Asapon is well familiar with the cultural significance and drama of the ekiden—he grew up watching the races on TV. For Nike’s 2025 Ekiden Collection, intended for the 101st running of the major Hakone Ekiden come January, he looked for a muse that could suit a next generation of racers. In Japan, flames represent new beginnings. For this Asapon went backward, to the old Streak Spectrum Plus, a distinctly Japanese shoe.

He had his memory of the Streak Spectrum Plus, and the physical Supreme shoe, but those were insufficient to transmit the fire from the old designs to the new ones. Asapon went to Nike’s internal archive to review an original pair in order to best recreate its graphics.

“We were lucky that some of the original product creation team is still around Nike,” Asapon says. “We partnered with them and were able to secure the exact artwork from the original Spectrum Plus. The flame graphic was modified slightly to ensure it cohesively integrated on the uppers of our modern racing innovations.”

At Nike, Asapon is a graphics designer who works on Nike’s “express lane” footwear. Express lane product comes to market quicker than standard Nike creations—the goal is to get consumer insights and turn them around with relative speed. So like the shoes, and their graphics, Asapon had to be fast.

He wasn’t designing entirely new models—the 2025 Ekiden Collection is essentially a graphic update to existing Nike running shoes. But he was introducing a new kind of production to Nike’s Flyknit sneakers, which usually do not have graphics printed on them.

“The challenge was to print the gradient flame graphic over the Flyknit upper,” Asapon says. “Most printing methods compromise the stretch or breathability of Flyknit. We worked across multiple teams to find a solution.”

Asapon’s team connected with others from Nike’s Advanced Product Creation Center and Bowerman Footwear Lab at its headquarters in Beaverton, Oregon. They went through at least four different printing methods before landing on one that was reliable enough to use for production.
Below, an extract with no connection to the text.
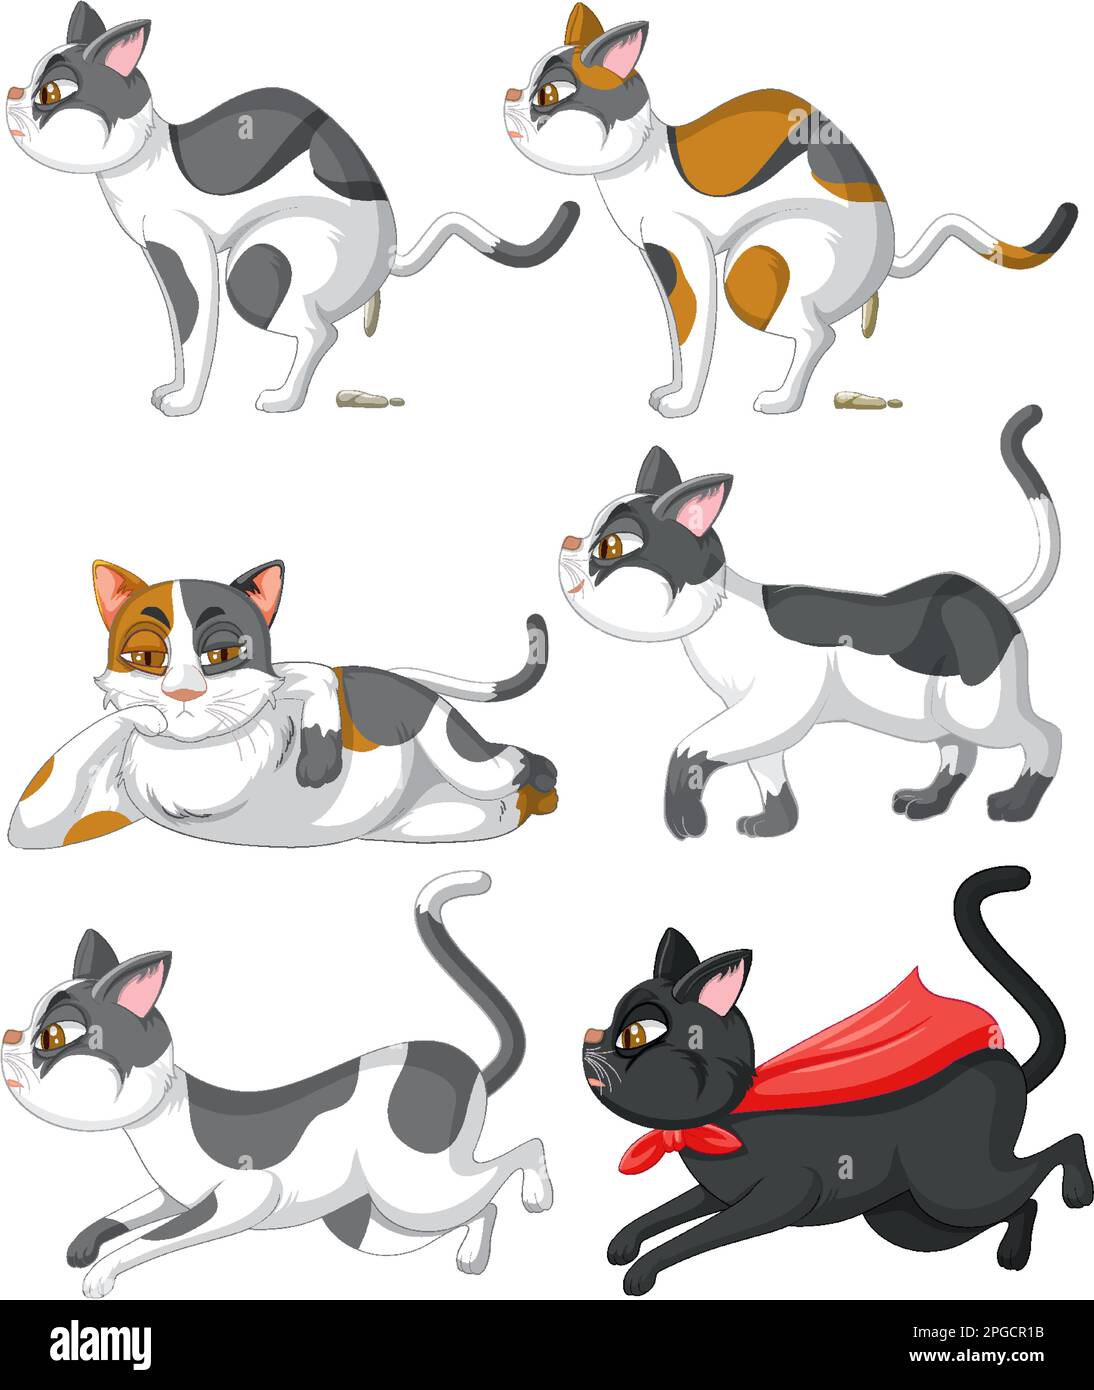 No cat feces - Stock Illustration [6712011] - PIXTA

Asapon and his colleagues visited the factory where the 2025 Ekiden Collection sneakers were to be produced, examining the physical samples in order to reduce the lead time. He says that the trip allowed them to solve problems on the shoe that shortened its creation timeline, which took about a year total.

The project brings a bit of Asapon’s sneaker history full circle. He coveted the Zoom Streak Spectrum Plus as a young man and years later, as a designer at Nike, helped interpolate the archive model into something new. He watches ekiden races as he did back then, but now he pays extra attention to the sneakers, keeping an eye out for runners wearing his projects.
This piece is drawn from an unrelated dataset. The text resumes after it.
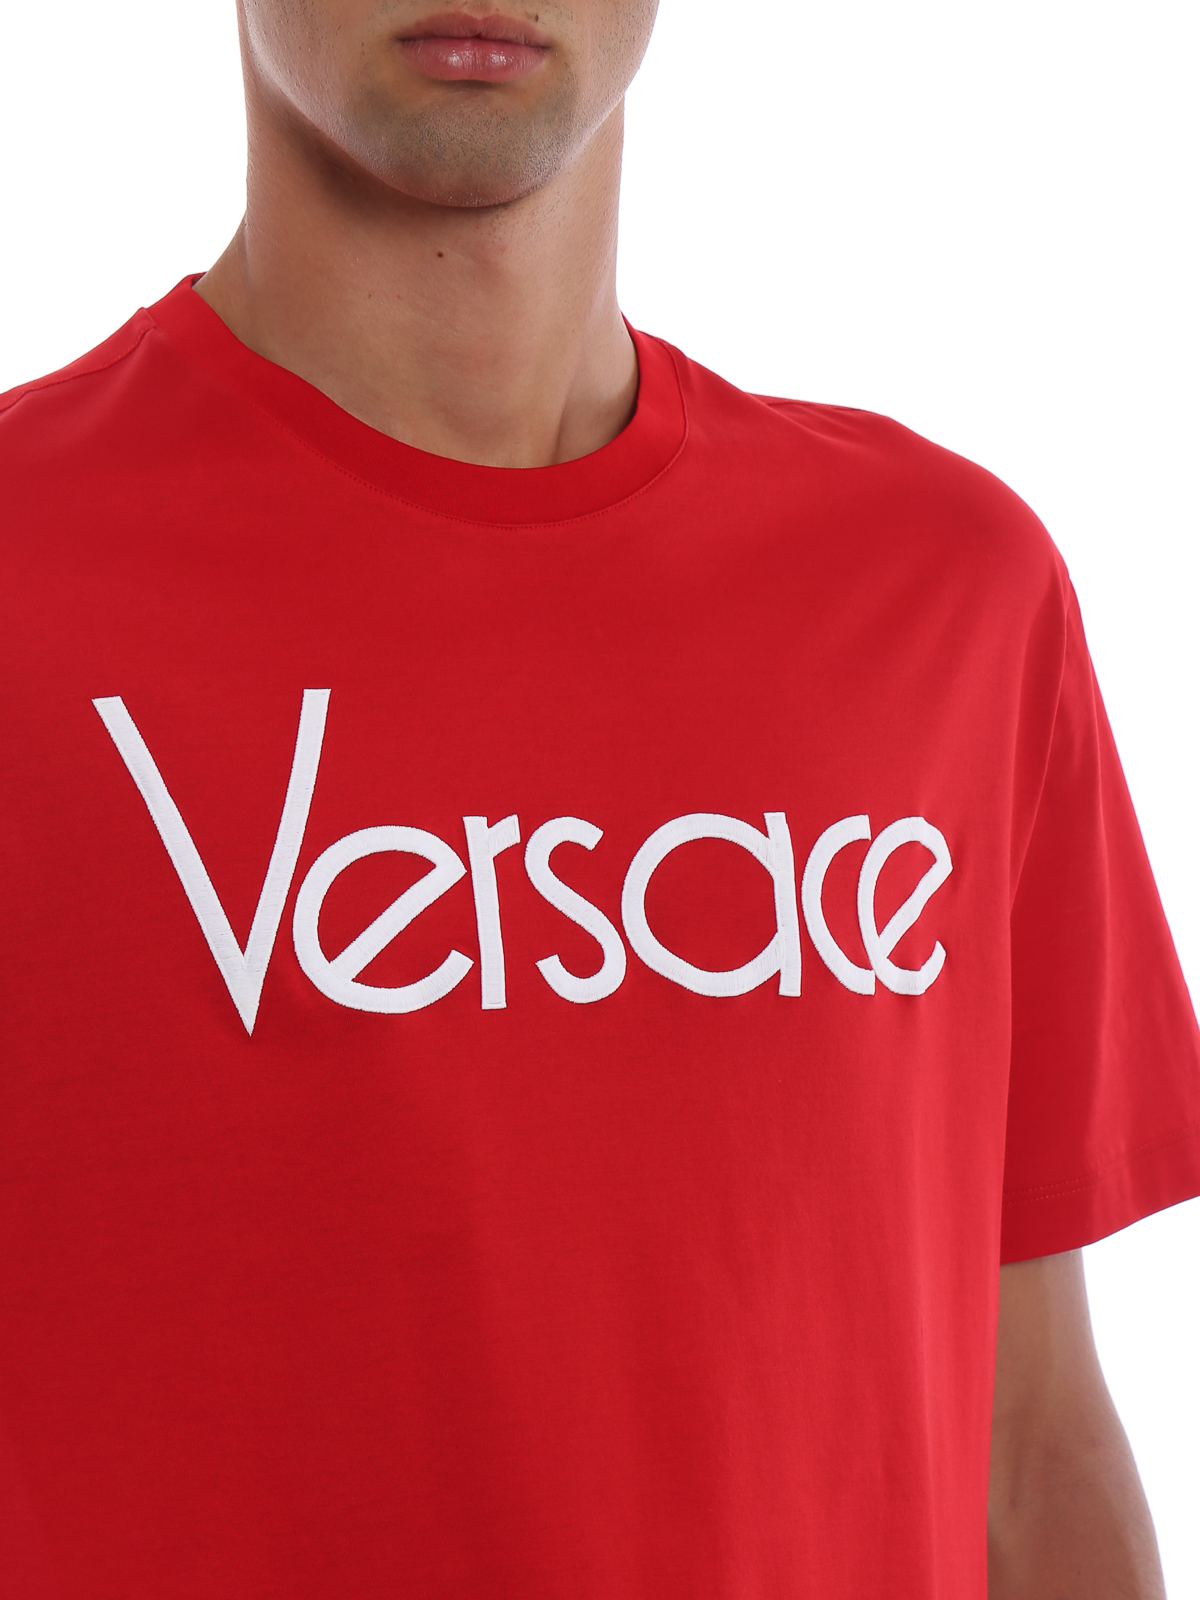 versace t shirt red

The shoes also mark a return to form for Radcliffe, who is back in fiery Nikes after the brand sent her a pair of the Zoom Fly 6 from the 2025 Ekiden collection. Decades removed from her ekiden debut in Hawaii, she organizes her own ekiden-style races for families. And years after the end of her pro running career, Radcliffe still has marathons left in her.

She wants to cross off a few more races in order to come closer to completing the full cycle of world marathon majors—she’s missing Boston, Tokyo, and the newly added Sydney. She plans to run the Boston Marathon in 2025 and has already signed up for Tokyo.
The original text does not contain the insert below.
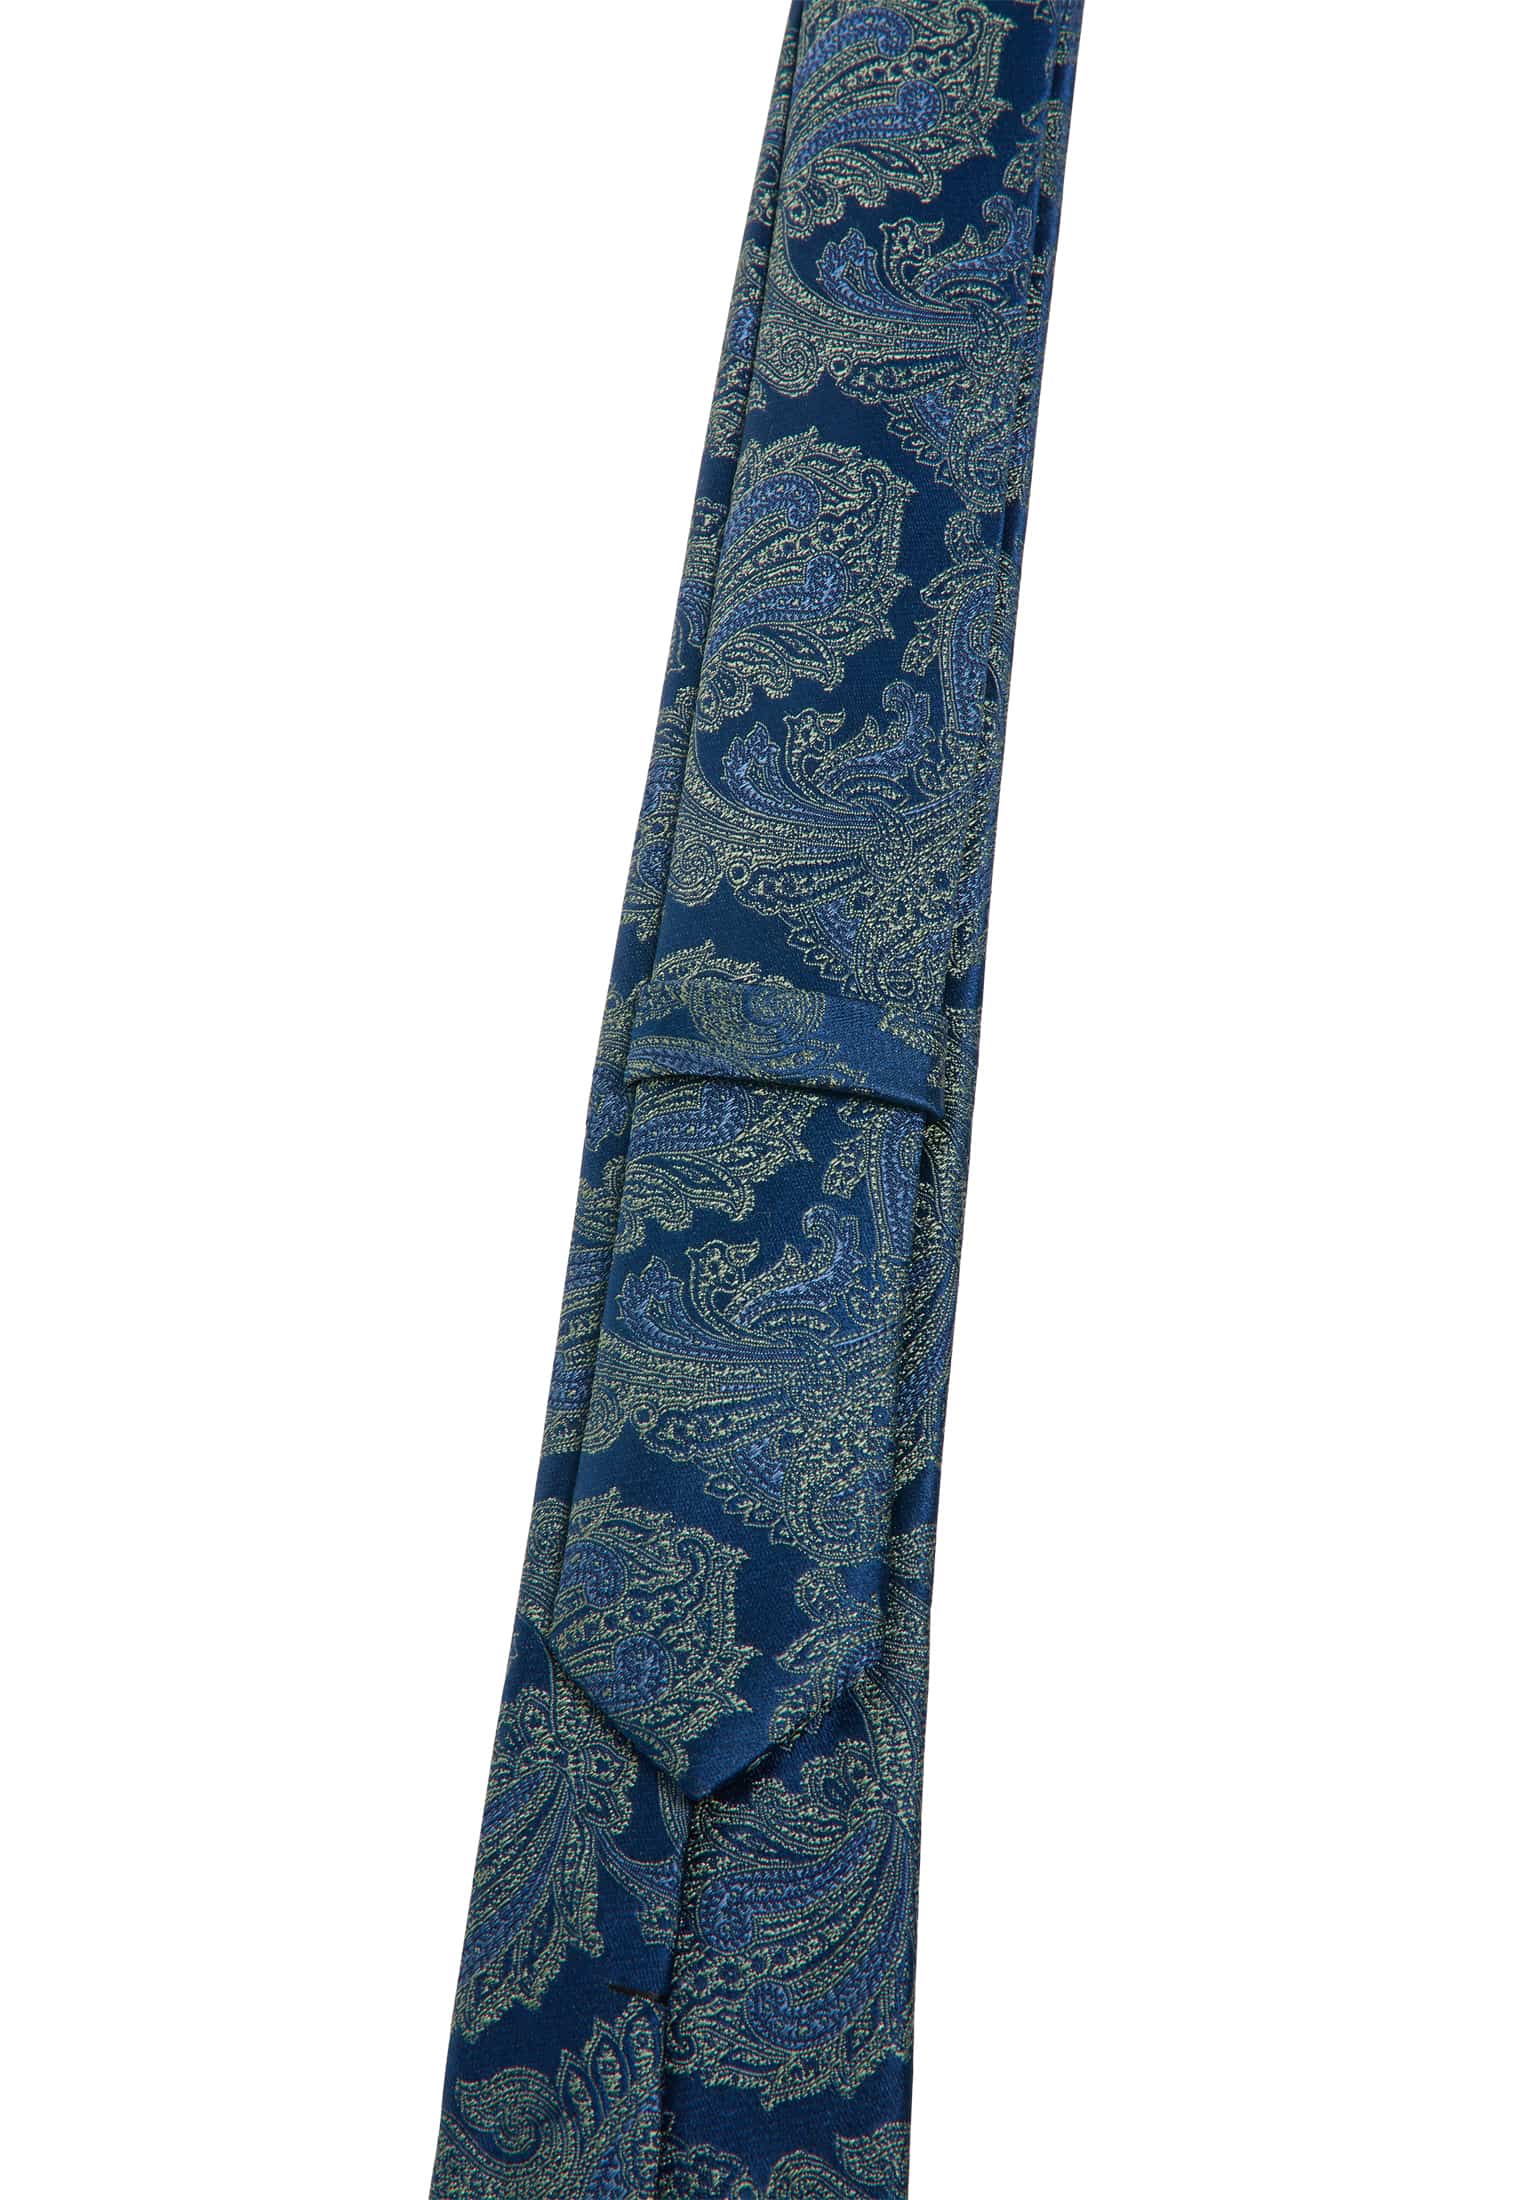 Tie in blue/green patterned

One assumes she’ll be wearing Nike’s inferno footwear from the Ekiden Collection when she crosses the finish line in Tokyo for the first time. Radcliffe knows she’s far off her peak pace, but seeing the flaming Nikes on her feet brings back memories of her fastest runs.

“You just look down, and even though I’m a lot slower than I was in 2003, it’s almost like it looks the same as it used to,” Radcliffe says. “It’s just not quite the quick cadence that it was.”